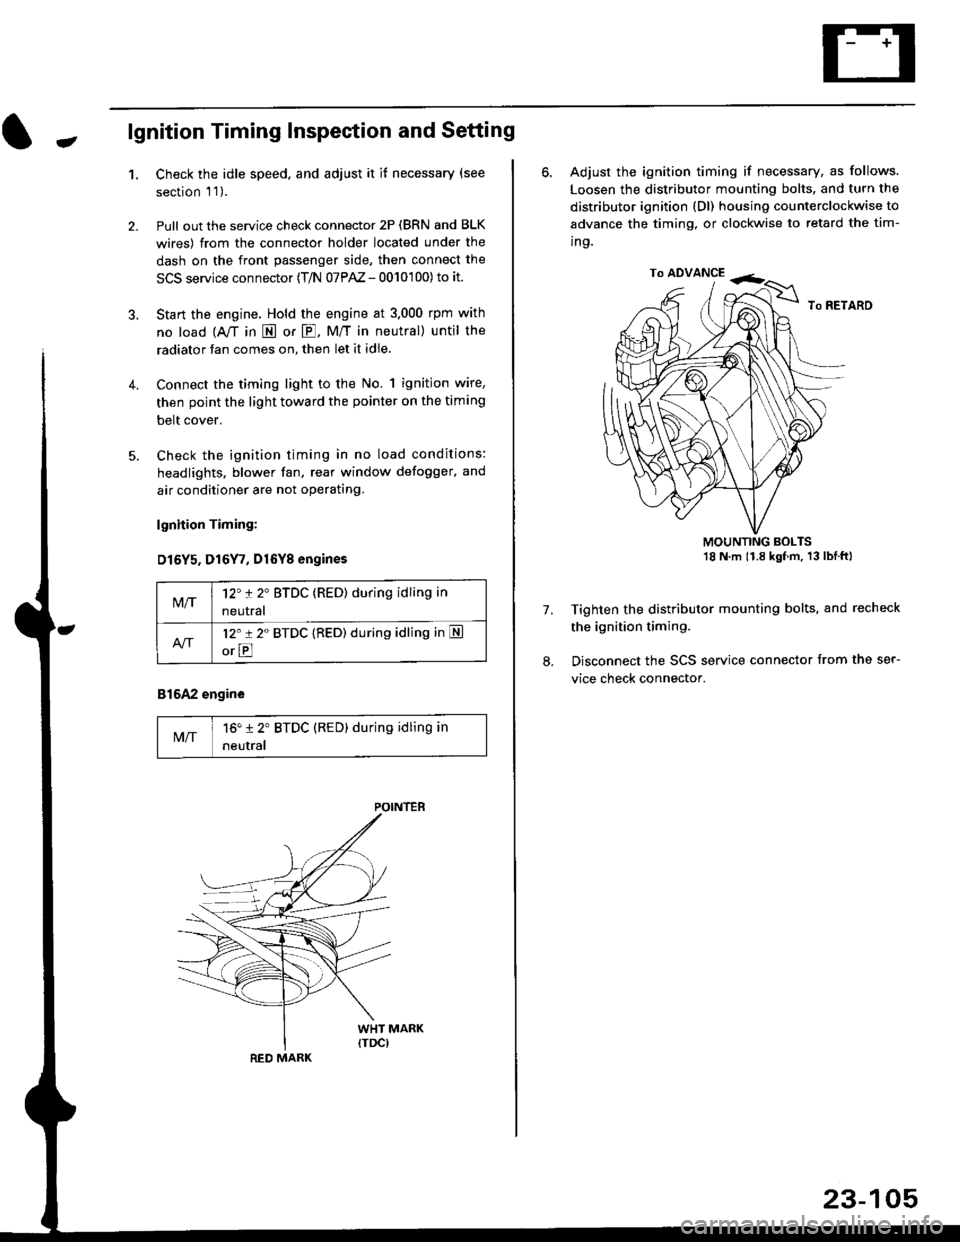 HONDA CIVIC 2000 6.G Owners Manual -lgnition Timing Inspection and Setting
1.Check the idle speed, and adjust it it necessary (see
section l 1 ).
Pull out the service check connector 2P (BRN and BLK
wires) from the connector holder l

* * *

- TASK TO CARRY OUT -
Omitting the pictures, write out the material above exactly as it stands.

- RESPONSE BELOW -
 HONDA CIVIC 2000 6.G Owners Manual -lgnition Timing Inspection and Setting
1.Check the idle speed, and adjust it it necessary (see
section l 1 ).
Pull out the service check connector 2P (BRN and BLK
wires) from the connector holder l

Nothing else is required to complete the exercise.